Description: We are proposing to expand on our development of unique Silicon Carbide (SiC) electronics in multiple device classes and application areas by further innovation and integration into a single flexible, modular technology. Starting from our work in the Phase II program, we will develop a next generation of our SiC Power Laterally-Diffused Metal-Oxide-Semiconductor (LDMOS) Field Effect Transistors, which enable significantly greater power transfer and modular integration with SiC complementary metal-oxide-semiconductor (CMOS) electronics. We will also improve the performance of our SiC CMOS technology, particularly in transistor sizing and speed. We will enhance our UV optoelectronics technology by integrating our SiC UV sensors with these improved CMOS devices. Further levels of integration, such as on-chip power converter topologies, such as half- and full-bridges of SiC LDMOS devices, integrated with SiC CMOS circuits for control, will also be pursued. We will use our physics-based device and process modeling experience for these efforts, and our long-term high-temperature characterization and reliability testing capabilities to test all these device classes at temperatures up to 500 C for the ranges of hundreds of hours. As the culmination of this new development effort, we are going to produce a Process Design Kit (PDK) to enable outside users, in particular NASA designers, to use this technology. The PDK will bring together device characteristics, layer lists, design rules, SPICE models, and parametric cells for designing in this expanded, flexible technology. This complete development package will allow users to take advantage of the considerable benefits of SiC, such as its high-temperature resilience, extremely low dark current, having SiO2 as a native oxide, and its visible-blindness in UV-sensing applications, even at high temperatures, its inherent visible-blindness, and its capability to grow a native oxide, in a singularly broad technology base.

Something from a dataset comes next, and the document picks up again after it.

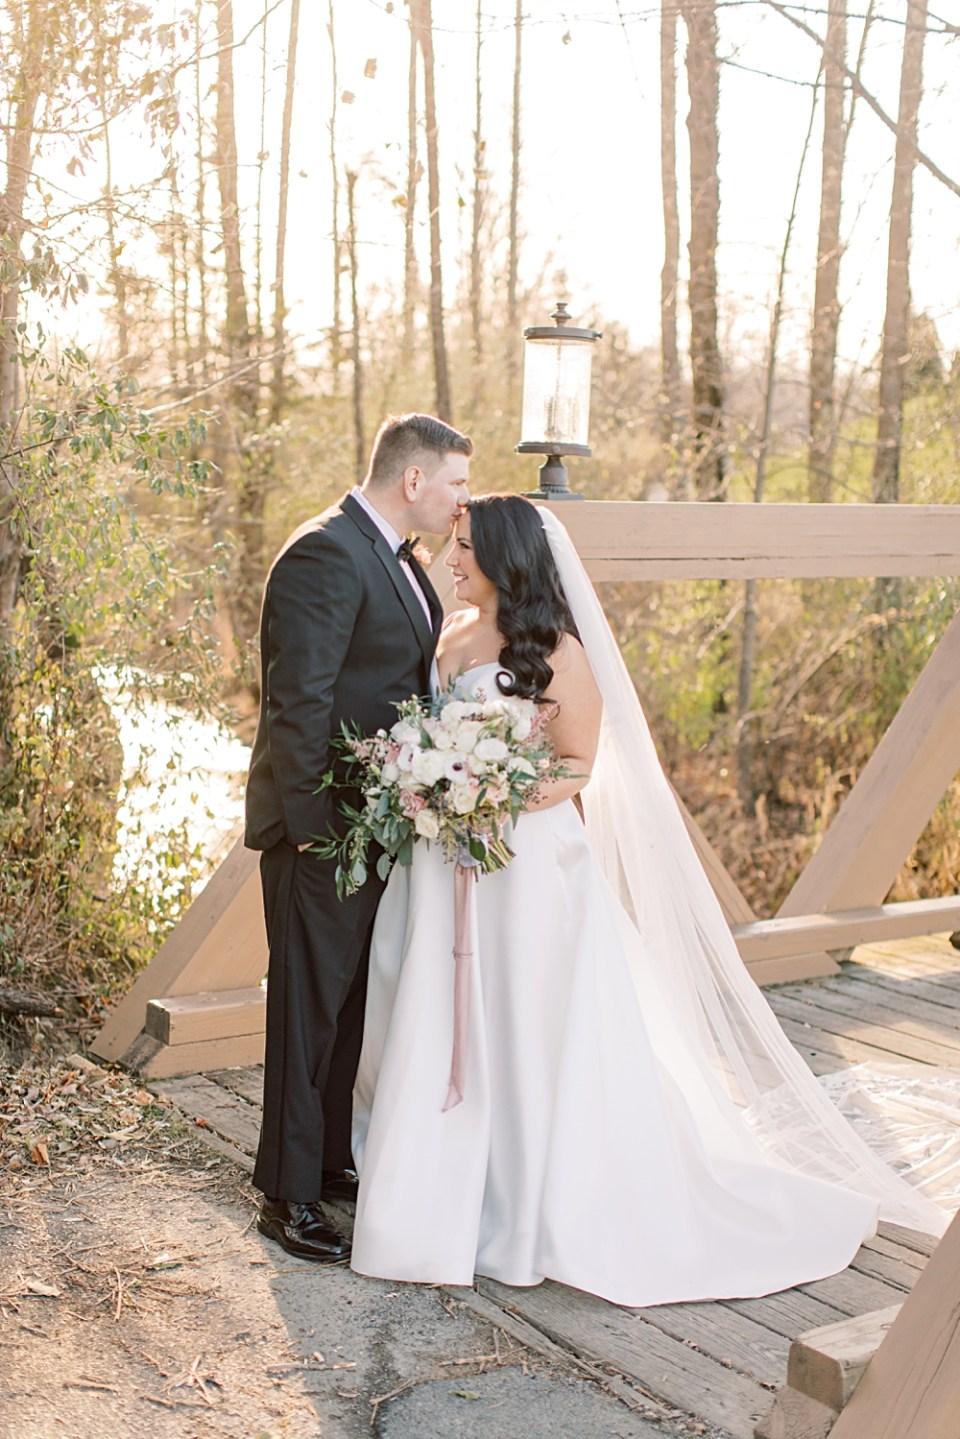 bear brook valley wedding portraits | New Jersey Wedding Photographer Sarah Canning

Benefits: SiC power management and sensor readout ICs help NASA with potential benefits of high-temperature operation capability, high efficiency, more compact system design without extra cooling, etc. Visible-blind, low-noise SiC UV sensors are ideal for high sensitivity. These features benefit many missions in Planetary and Earth Science, and Heliophysics, for e.g. surface/atmosphere characterization, running and controlling on-board science instruments, even in high-T missions such as Venus surface exploration systems and Gas Giant orbiters.

Applications for UV sensing/imaging include: rocket and bio detection, industrial monitoring, and gas logging systems. The Hi-T capability and visible blindness of SiC allow applications in extreme conditions and simpler designs. Hi-T SiC LDMOS and half-bridge power modules reduce size, weight, and cooling systems in areas like: Hi-T manufacturing, energy monitoring, and furnace/engine control.